Het juiste aantrekkoppel hangt af van een groot aantal
factoren, waaronder de volgende. Controleer na het
vastdraaien altijd het aantrekkoppel met een
momentsleutel.
1.
Spanning
• Wanneer de stroomspanning daalt zal het
aantrekkoppel ook geringer worden.
2.
Sok
• Gebruik van een sok die niet met bout of moer
overeenkomt zal resulteren in een te laag
aantrekkoppel.
• Een versleten of vervormde (zeskante of
vierkante) sok zal niet goed passen, wat resulteert
in een lager aantrekkoppel.
3.
Bout
• Ook als de koppelverhouding en het type bout
overeenkomen, kan door verschil in diameter van
de bouten het juiste aantrekkoppel per bout toch
afwijken.
• Ook al zijn de diameters van twee bouten
hetzelfde, dan nog kunnen er verschillen in het
juiste aantrekkoppel tussen de twee bouten
optreden, door verschillen in de koppelverhouding,
klasse en lengte van de bouten.
4.
Het aantrekkoppel is iets lager wanneer een
kogelgewrichtverbinding of verlengstaaf wordt
gebruikt.

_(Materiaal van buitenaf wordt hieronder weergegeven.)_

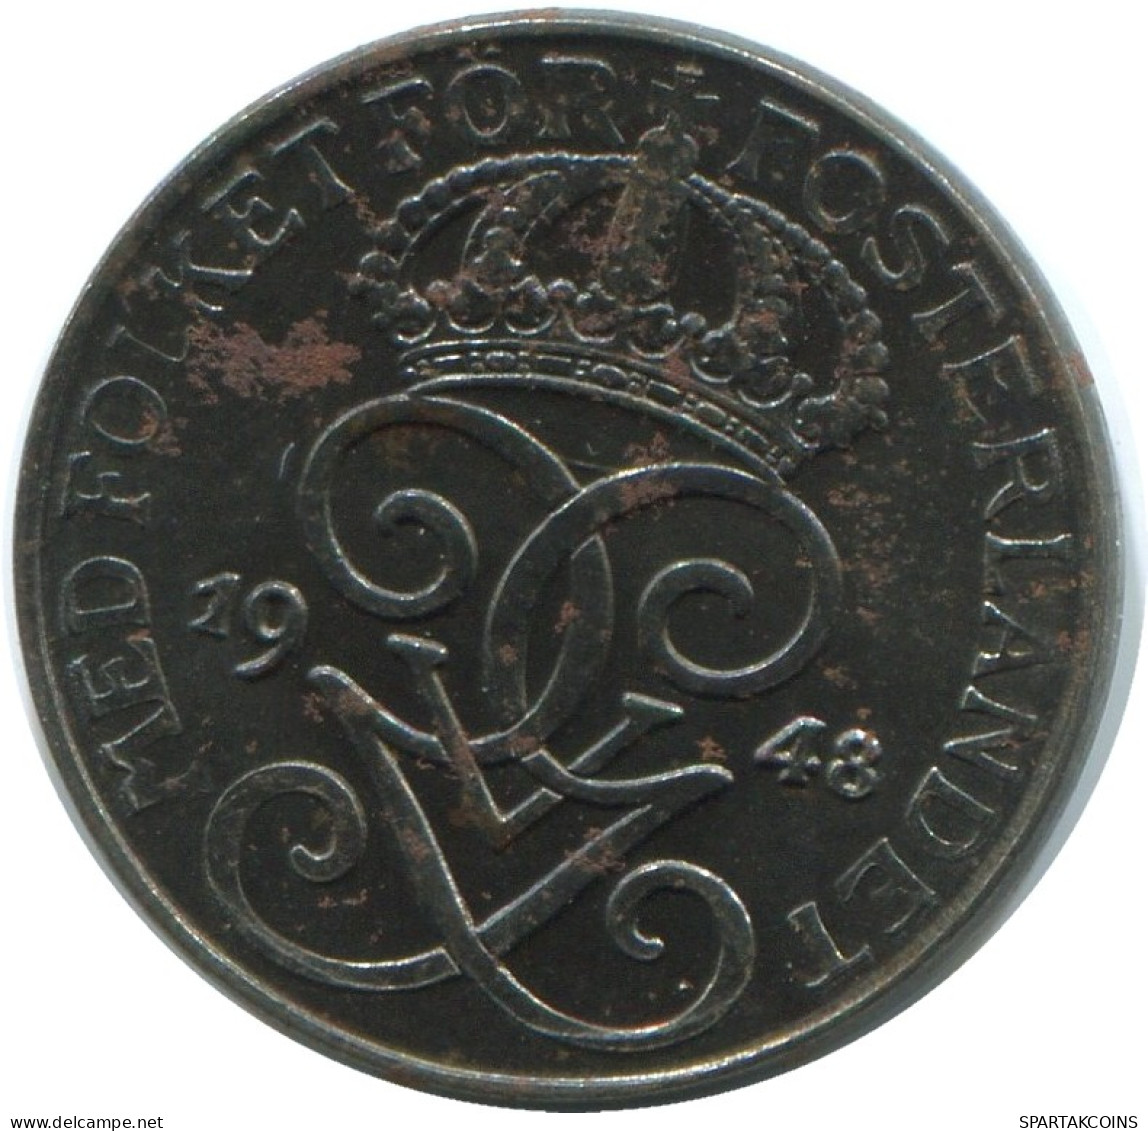 1 ORE 1948 SWEDEN Coin #AD265.2.U.A - Suecia

U kunt dit verlies aan aantrekkoppel
compenseren door de aantrektijd te verlengen.
5.
Het materiaal van de vast te draaien bout of moer,
de manier van vasthouden van het gereedschap en
het toerental hebben invloed op het aantrekkoppel.
6.
Werken met het gereedschap op een laag toerental
zal resulteren in een te gering aantrekkoppel.